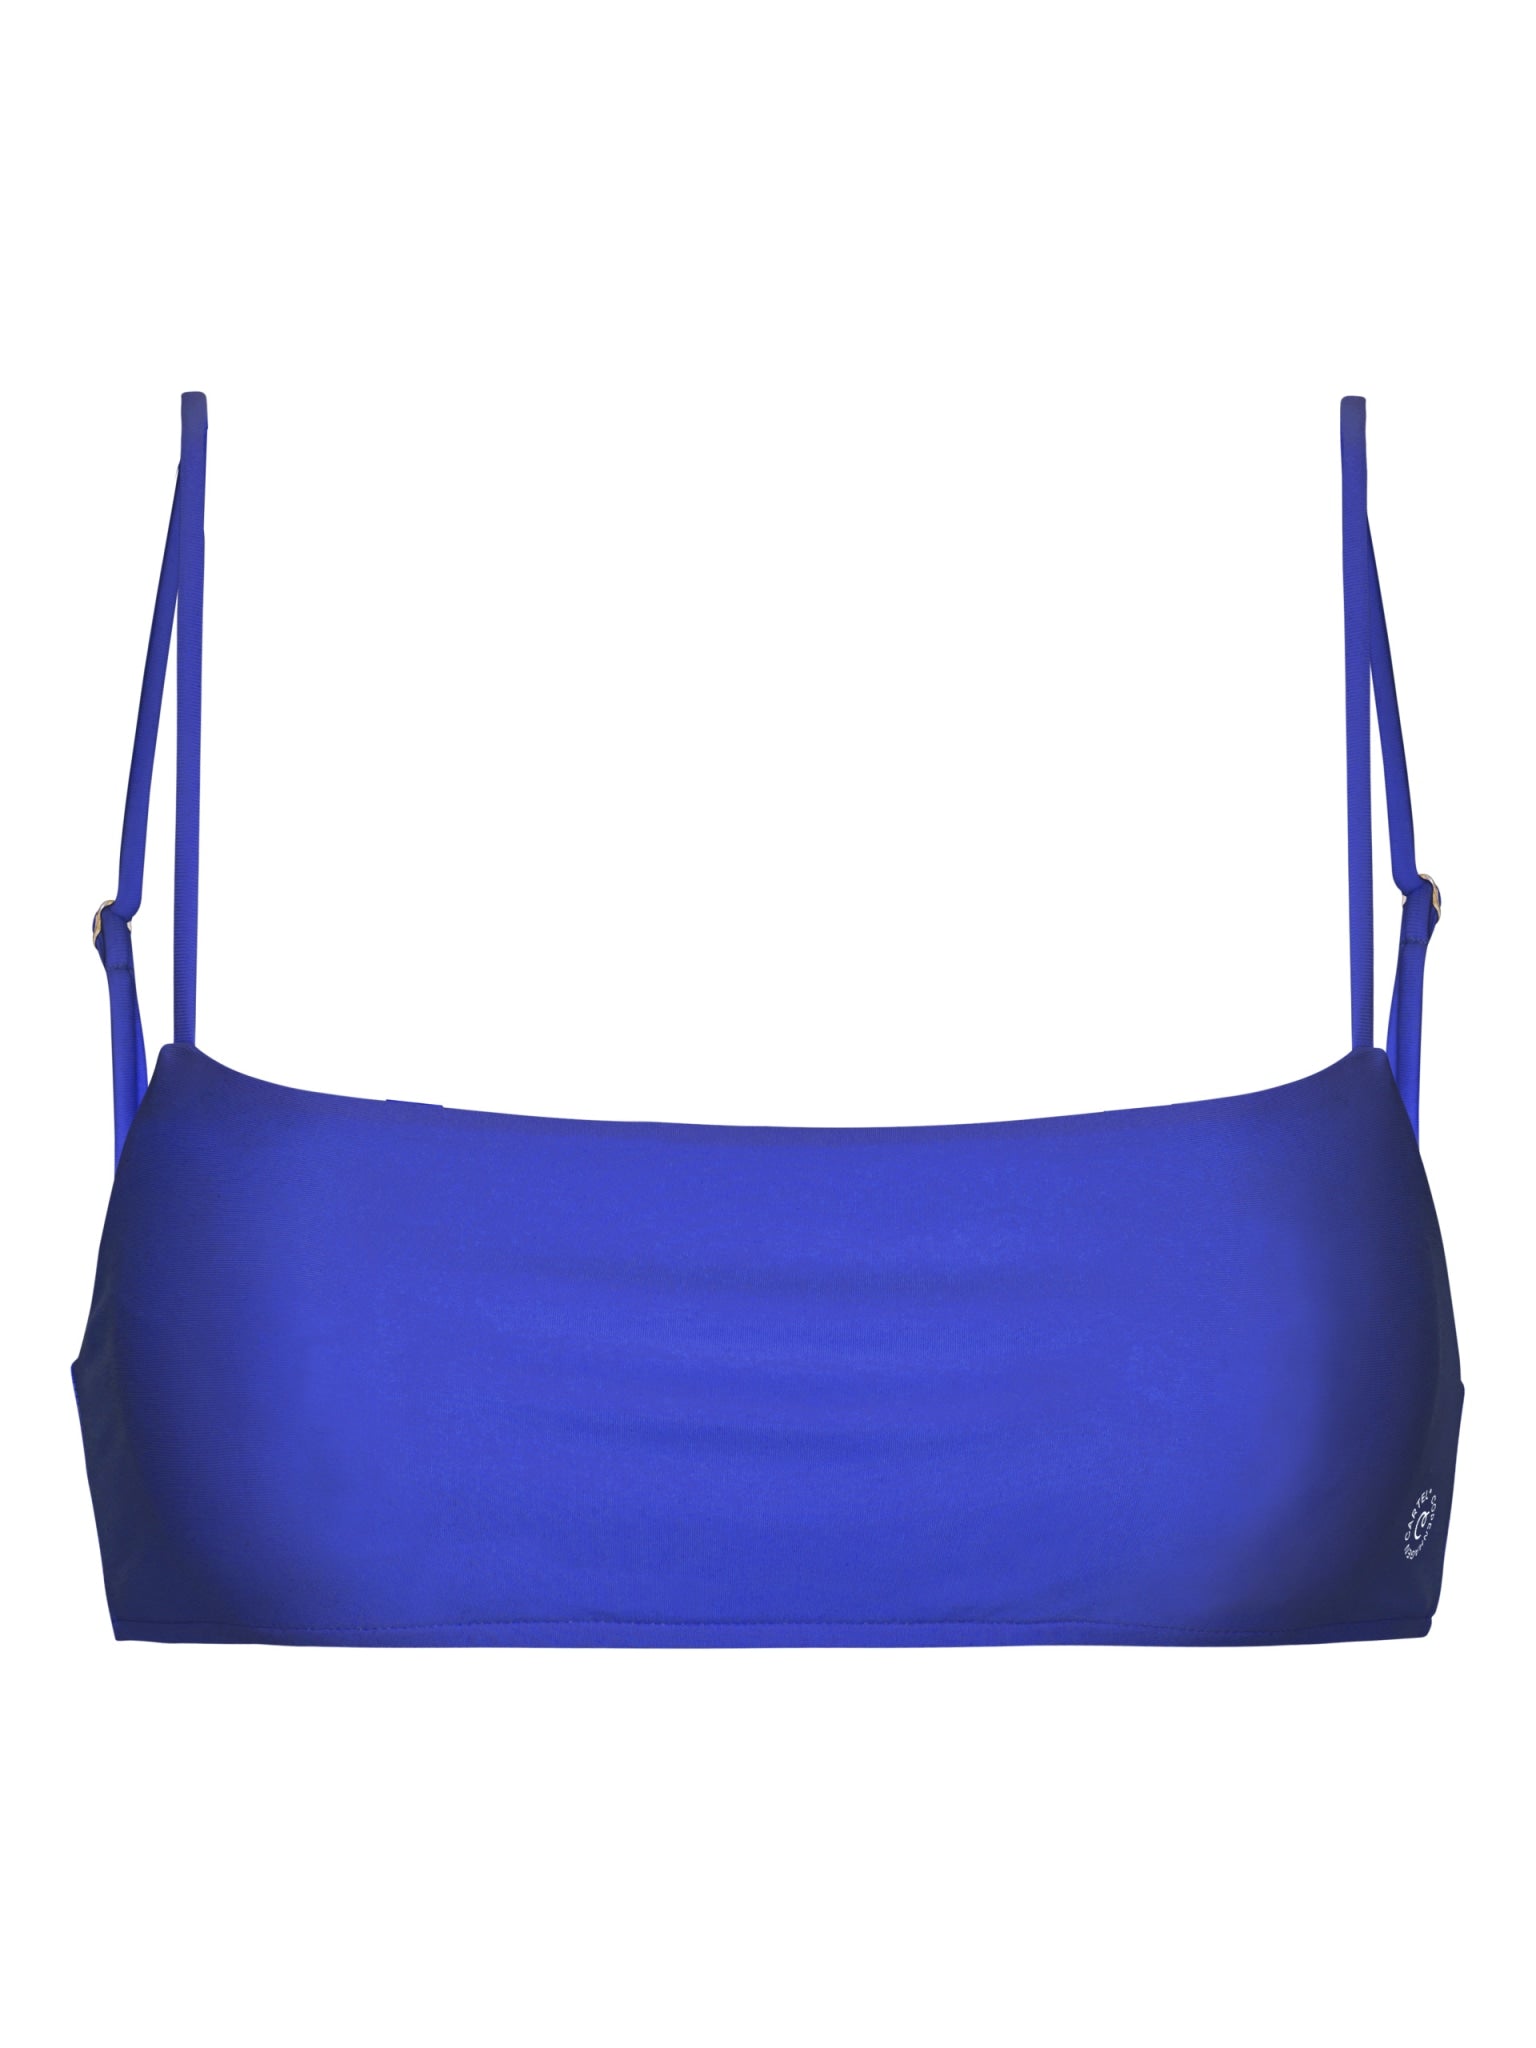 Sanur bandeau adjustable bikini top - Cartel Blue
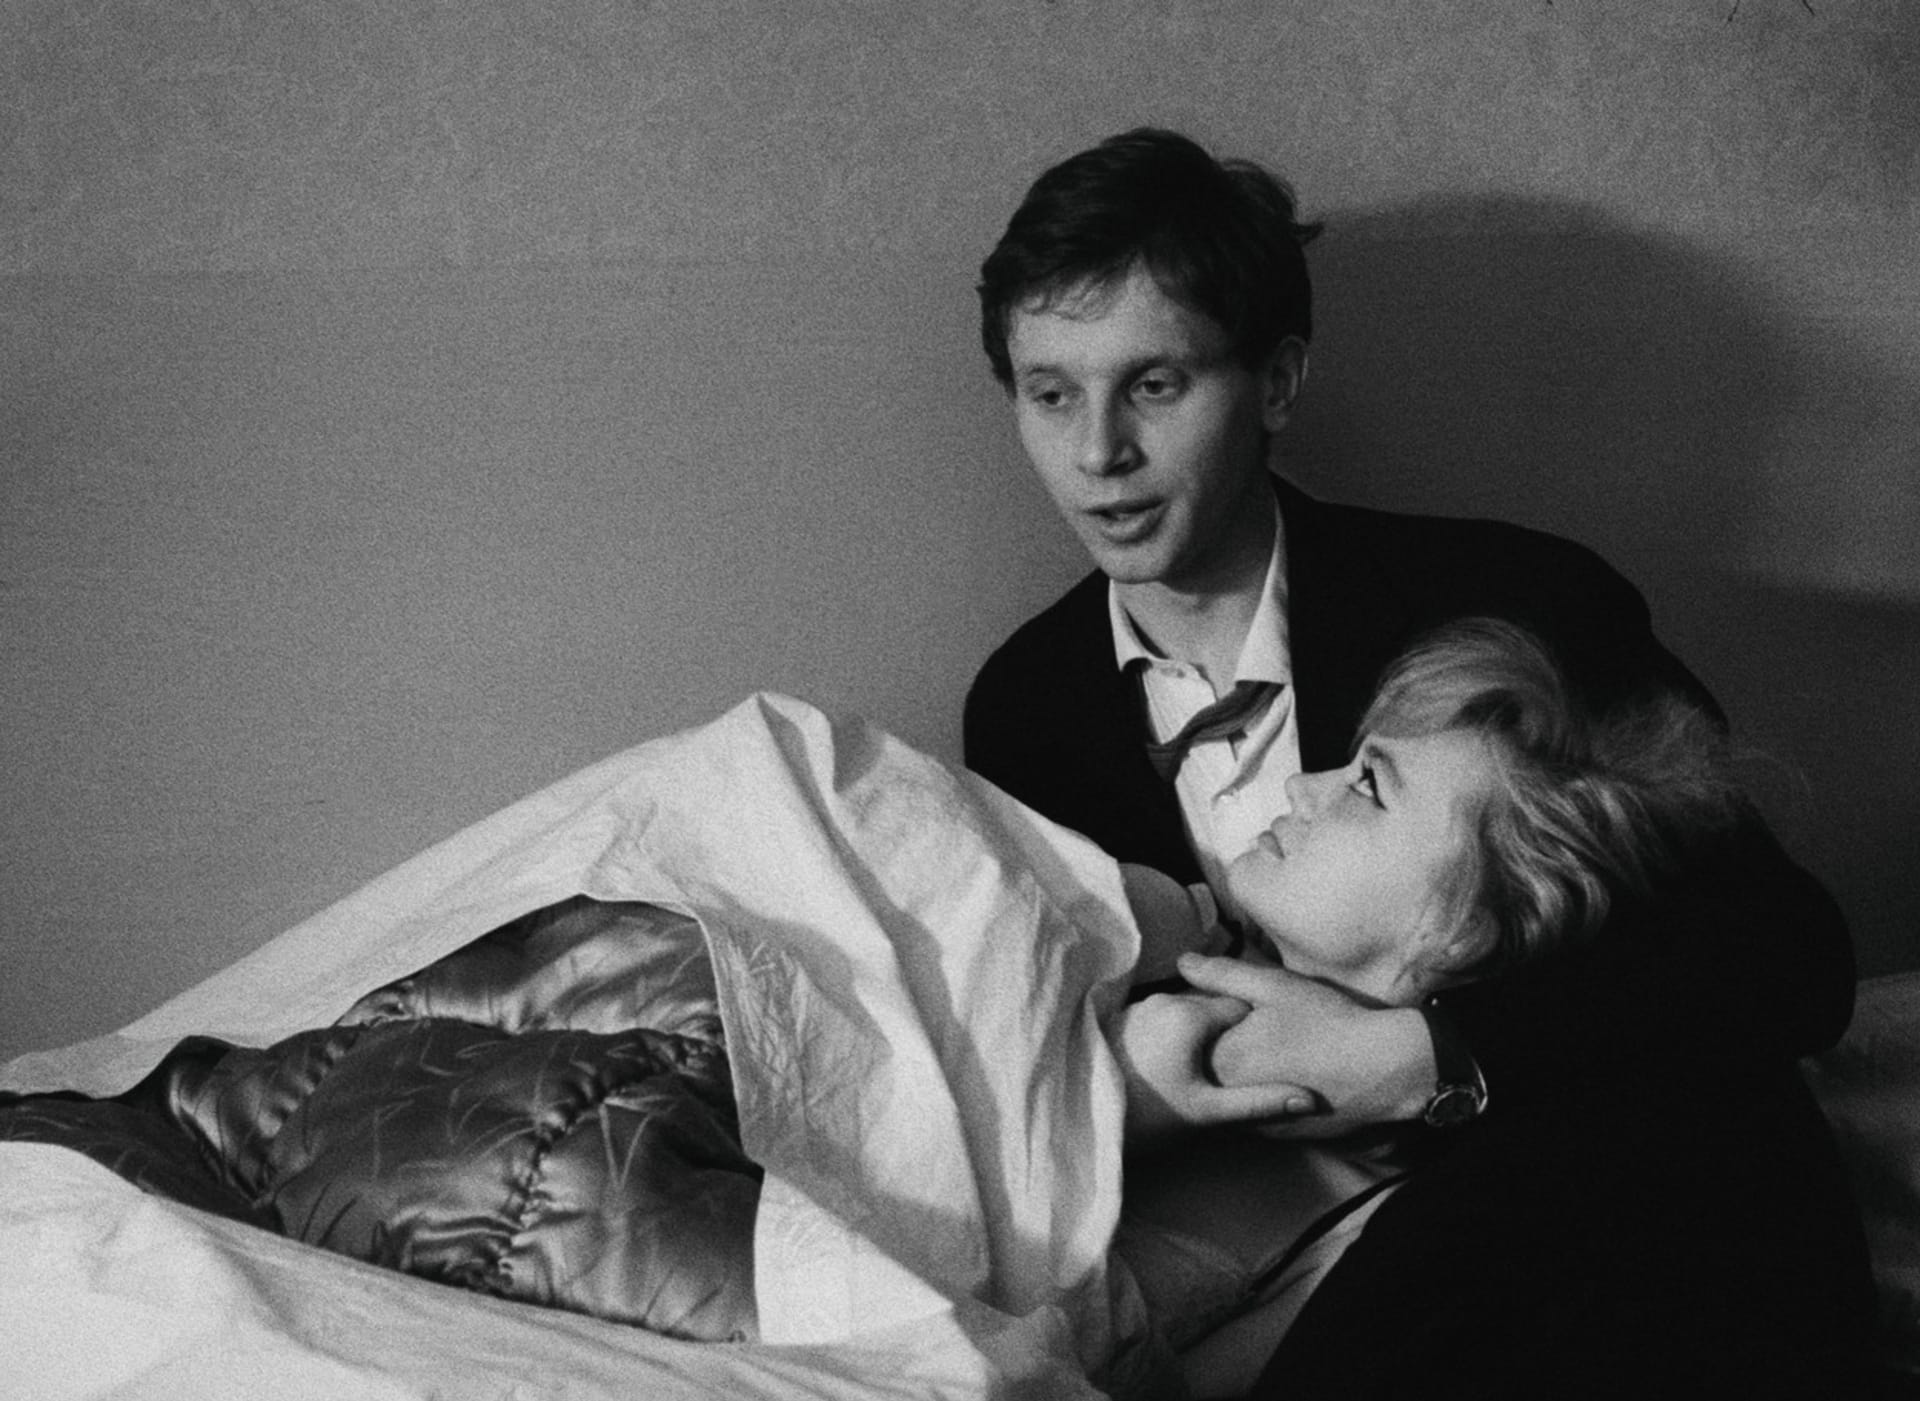 Formanův film Lásky jedné plavovlásky z roku 1965, v němž Hana Brejchová ztvárnila hlavní roli, byl nominován na Oscara za nejlepší cizojazyčný film.
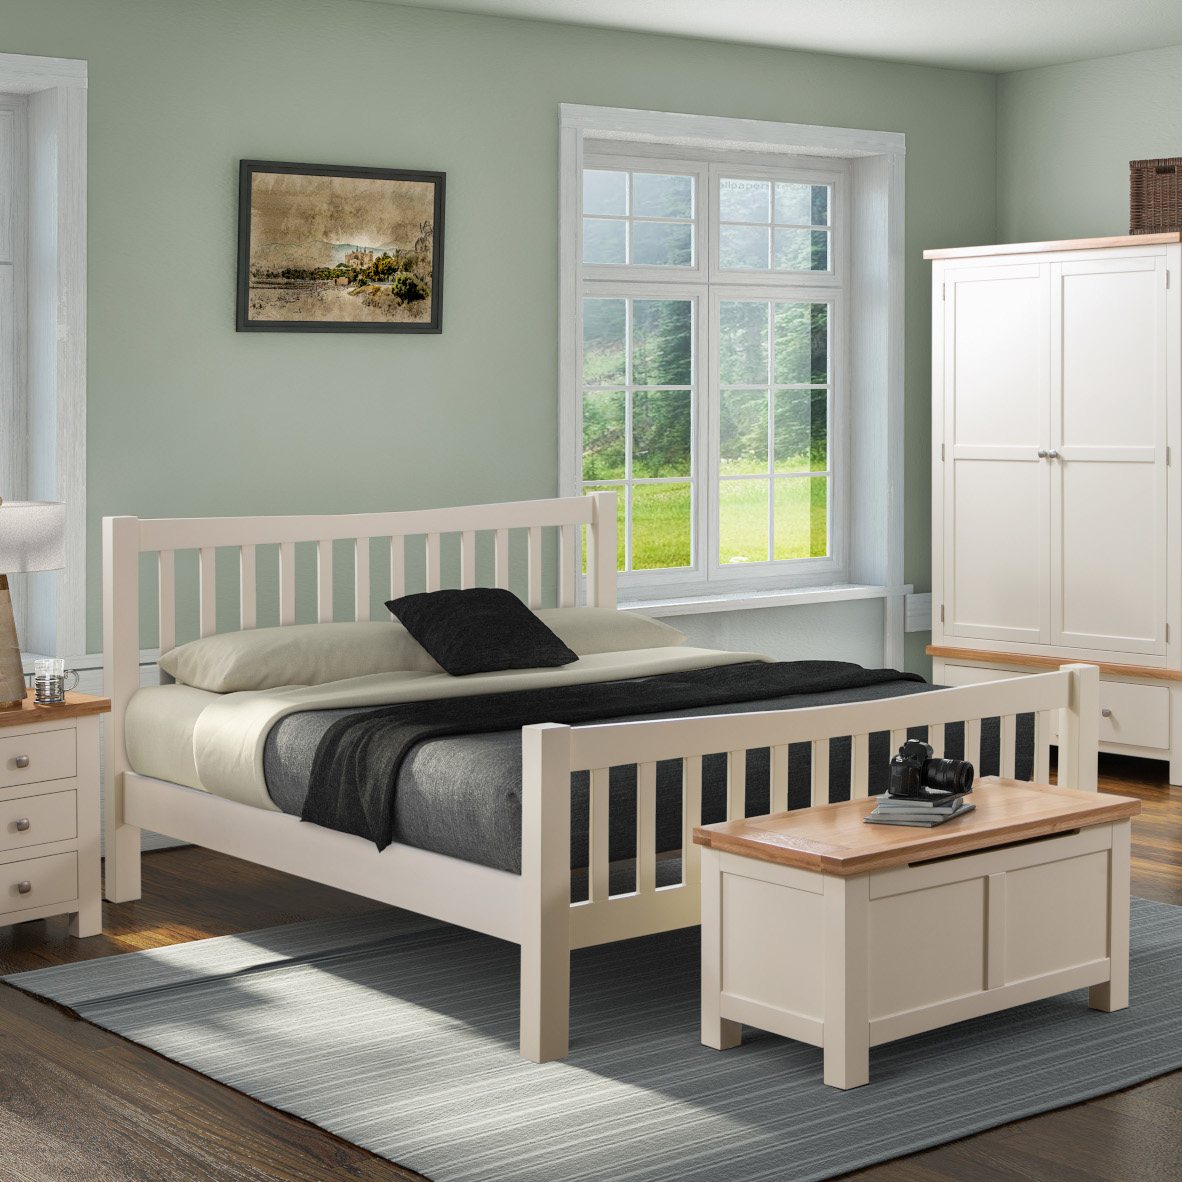 Bristol ivory bedroom furniture

HOW TO COMPLETE THIS TASK.
Take the whole listing above and copy it exactly. Pictures do not go into the copy.

ANSWER FOR THE TASK.
 Sanur bandeau adjustable bikini top - Cartel Blue
 Formanův film Lásky jedné plavovlásky z roku 1965, v němž Hana Brejchová ztvárnila hlavní roli, byl nominován na Oscara za nejlepší cizojazyčný film.
 Bristol ivory bedroom furniture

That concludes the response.